Keen to articulate and share the concepts that inspired their art, the artists tended to desist from engaging fully in any arguments that sought to untangle the complex issues that haunt African identity. And as the discussions shifted to the individual rather than the communal motivations behind the art on exhibit, it became abundantly clear that the artists felt that the only commonality that united their work was that it was shaped by their own idiosyncratic impulses rather than a response to their Africaness.

“I hate this geographical link to my work,” asserted Tchicaya. “My work is about me.” Although born in Paris, one half of Tchicaya’s family is from the Congo. Chérinet concurred with Tchicaya: “My work is never about Africa or Africaness.” Echoing their sentiment, Kentridge said he was relieved that his fellow artists did not consider Africaness as their primary identity.

Speaking about future exhibitions, it became obvious that most of the artists were frequently showing their work on the international art circuit. A few artists suggested that being habitually estranged from the African continent naturally prevented their work from embracing an African aesthetic. Moving between Ethiopia, her birthplace, and Sweden, where she is often based, had destroyed her allegiance to any particular cultural character, Chérinet said.

Some suggested that the conditions for art making in Africa had compelled them to pursue careers abroad. Mihindoa, who was born in Libreville, Gabon, but lives in the Moroccan city of Rabat, was keen to relay the limitations that artists face in Morocco. “Everything is organised so as to prevent us from producing art; there are no budgets, no shows and no audience,” she said.

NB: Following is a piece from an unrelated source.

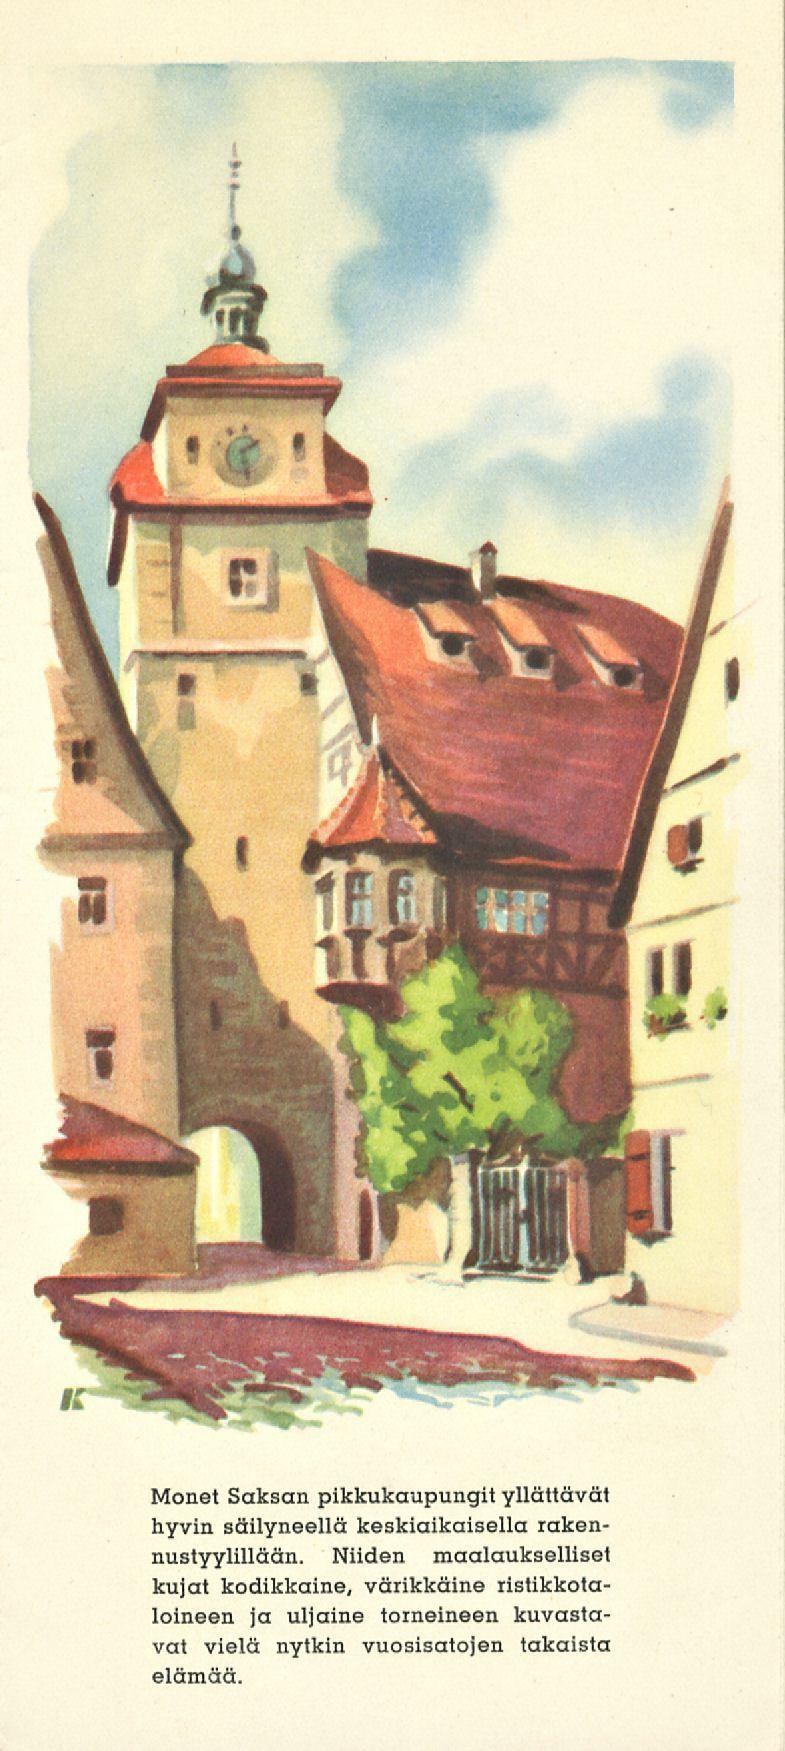 Monet Saksan pikkukaupungit yllättävät hyvin säilyneellä keskiaikaisella rakennustyylillään.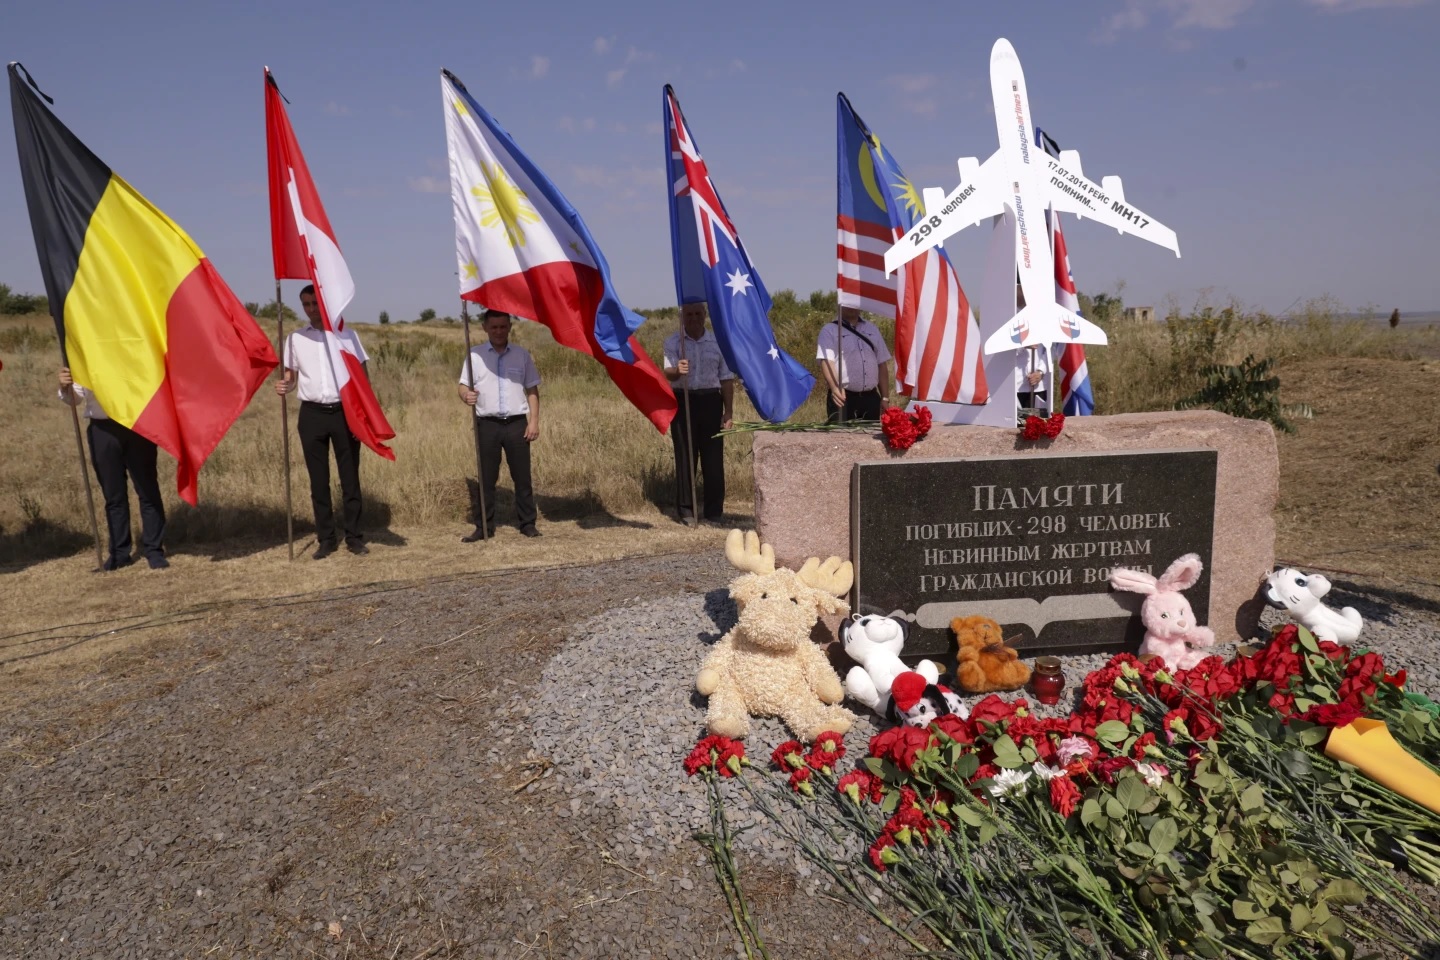 Các quốc gia tưởng niệm 10 năm thảm họa hàng không MH17

Despite the constraints facing some continental artists, Mihindou suggested that they could not be dissuaded from producing art; artists would create their own platforms if necessary. While she inferred that Africa Remix provided a vehicle for artists from the continent on which to broadcast their expression, she highlighted the fact that the exhibition could not function as the final word on contemporary African art. “A lot of Africa is missing from Remix” she observed.